Read Titus 1:1-2, and insert “Paul”, with your name, and “an apostle of Jesus Christ” with the less technical - but still applicable - phrase “one sent by Jesus Christ into this moment”:
“Paul, a servant of God and an apostle of Jesus Christ, for the sake of the faith of God’s elect and their knowledge of the truth, which accords with godliness, in hope of eternal life, which God, who never lies, promised before the ages began . . .”
Walk through the passage with me. In suffering, our most valuable commodity is faith. Your job, as a useful friend, is to seek to support and build up the other’s faith. You can “come alongside” with empathy all you want – that’s good. Do it. But it’s insufficient. We endure suffering in godliness and in hope by faith.

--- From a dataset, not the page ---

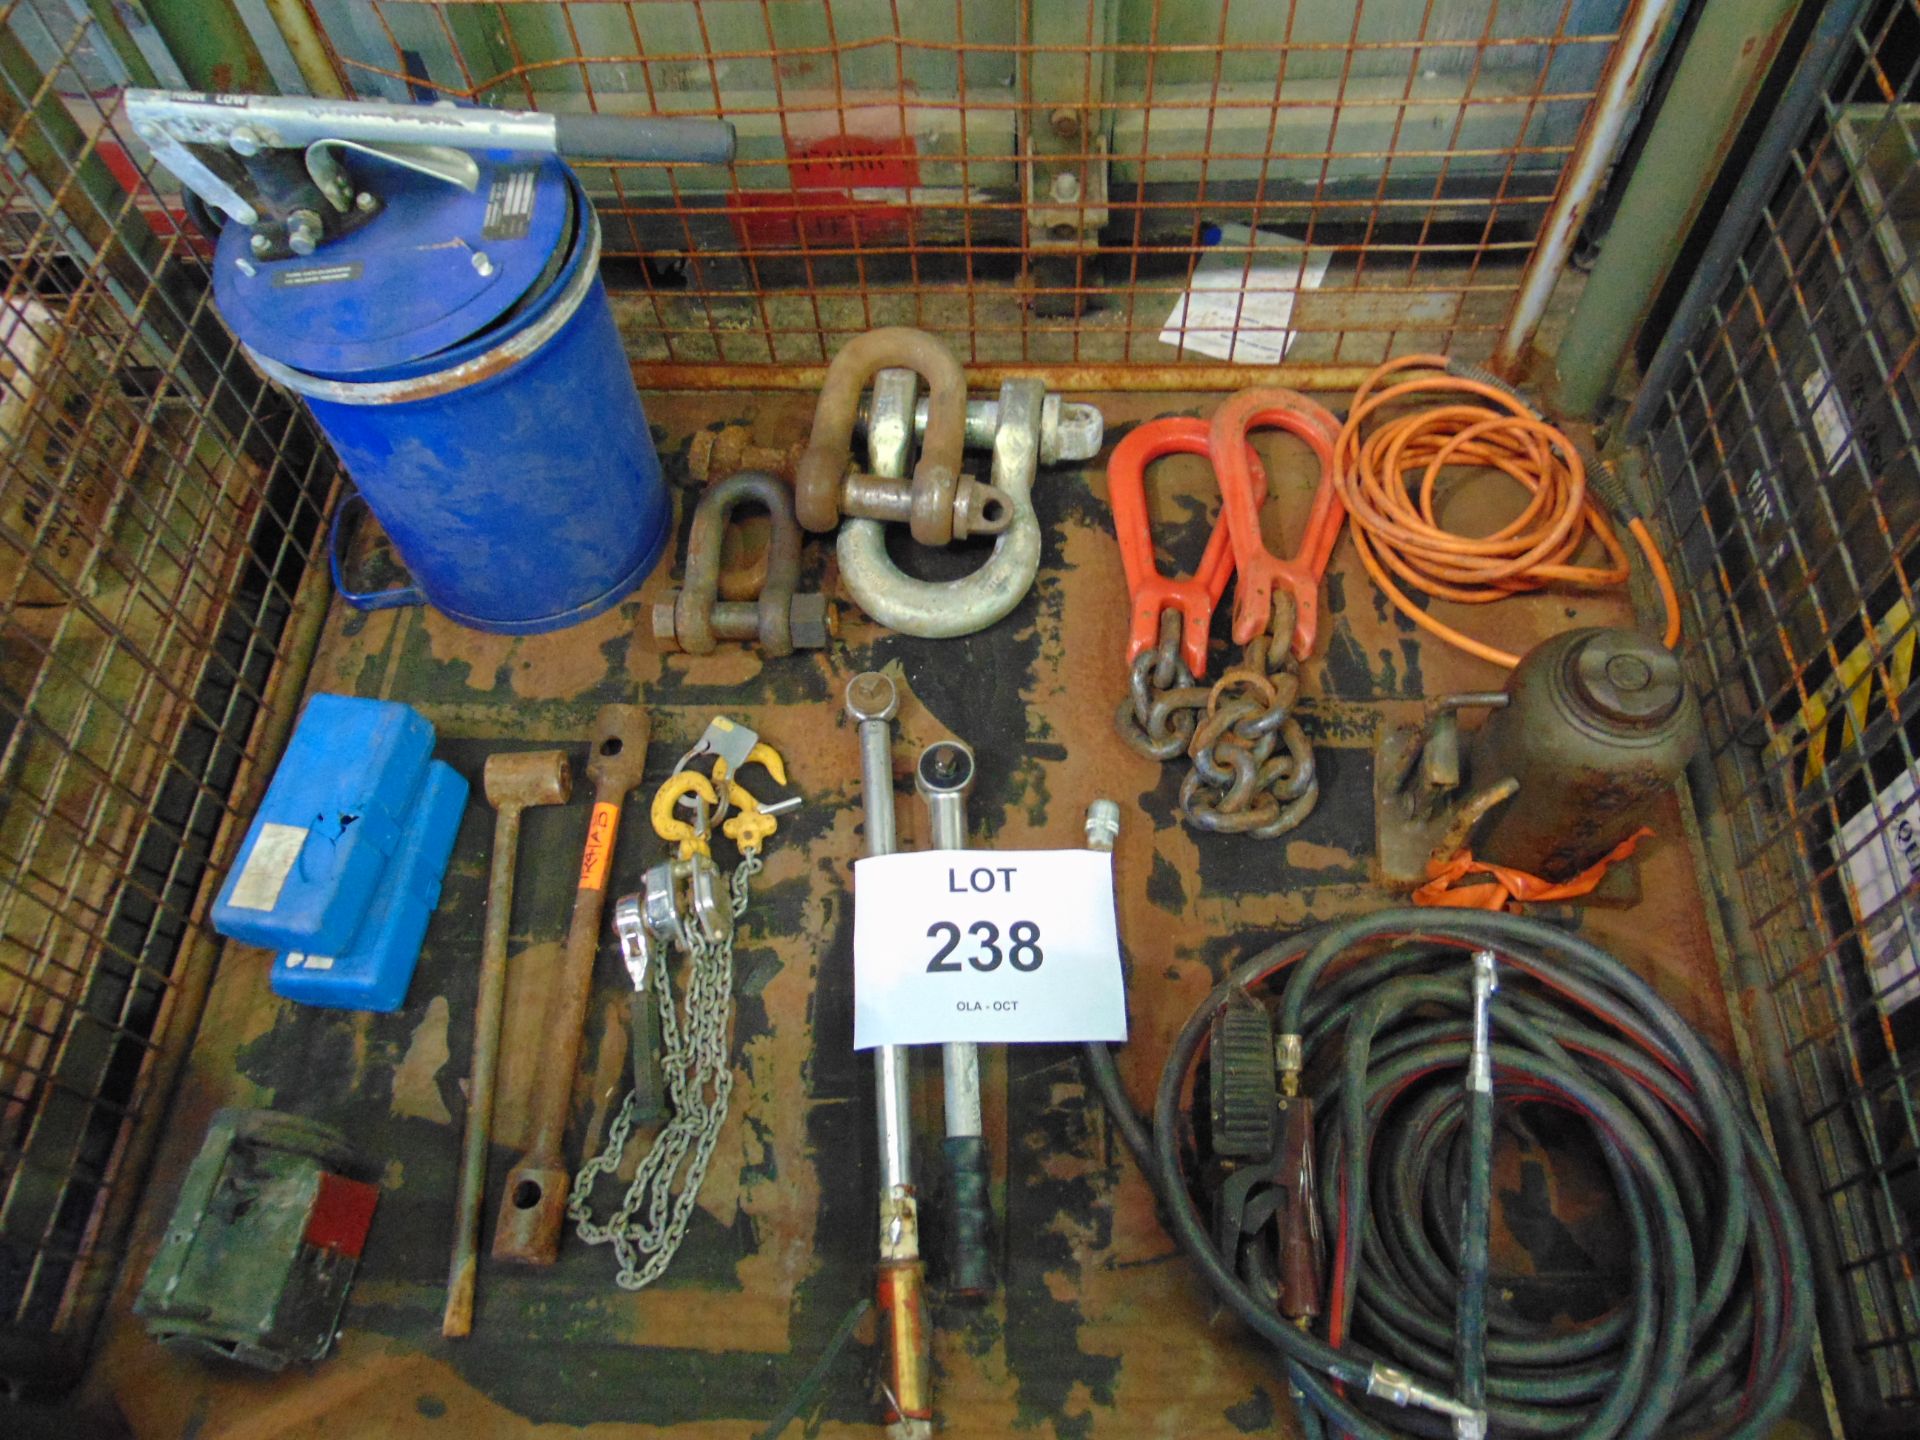 1X STILLAGE OF RECOVERY EQUIPMENT TOOLS GREASE GUN ETC

Faith from a “knowledge of the truth”. Faith that firmly rests on Jesus’ coming, death, resurrection, ascension, present reign and soon return. Faith that risks one’s life on the belief that God never lies when He makes a promise to His children. We believe that truth because we believe Jesus is the proof - all of God’s promises find their “yes” in him (2 Cor. 1:20).
Your being there, in that moment, was no coincidence. You were sent there by Jesus, for a specific purpose: for the faith of those elect ones in that room. You are not there first for you, and not even precisely for the sake of “them” in general, but “for the sake of” their faith. Jesus sent you there so that their faith would not waver but would remain on Him. He is strong enough.
Therefore you consider, for the sake of their faith, the promises of God. Perhaps you’re not quick enough in the moment to recall one, but you go home and rifle the Psalms for promises, coming across Psalm 34:18: “The Lord is near to the brokenhearted . . .” You text that to them, adding “The cross means this is true for you, right now”, and as you send the text you pray: “Father, please let these words build up their faith. Create supernatural hope in You, in them.”
Christian help points to Christ . . . and adds another prayer: “Father, do the same in me.”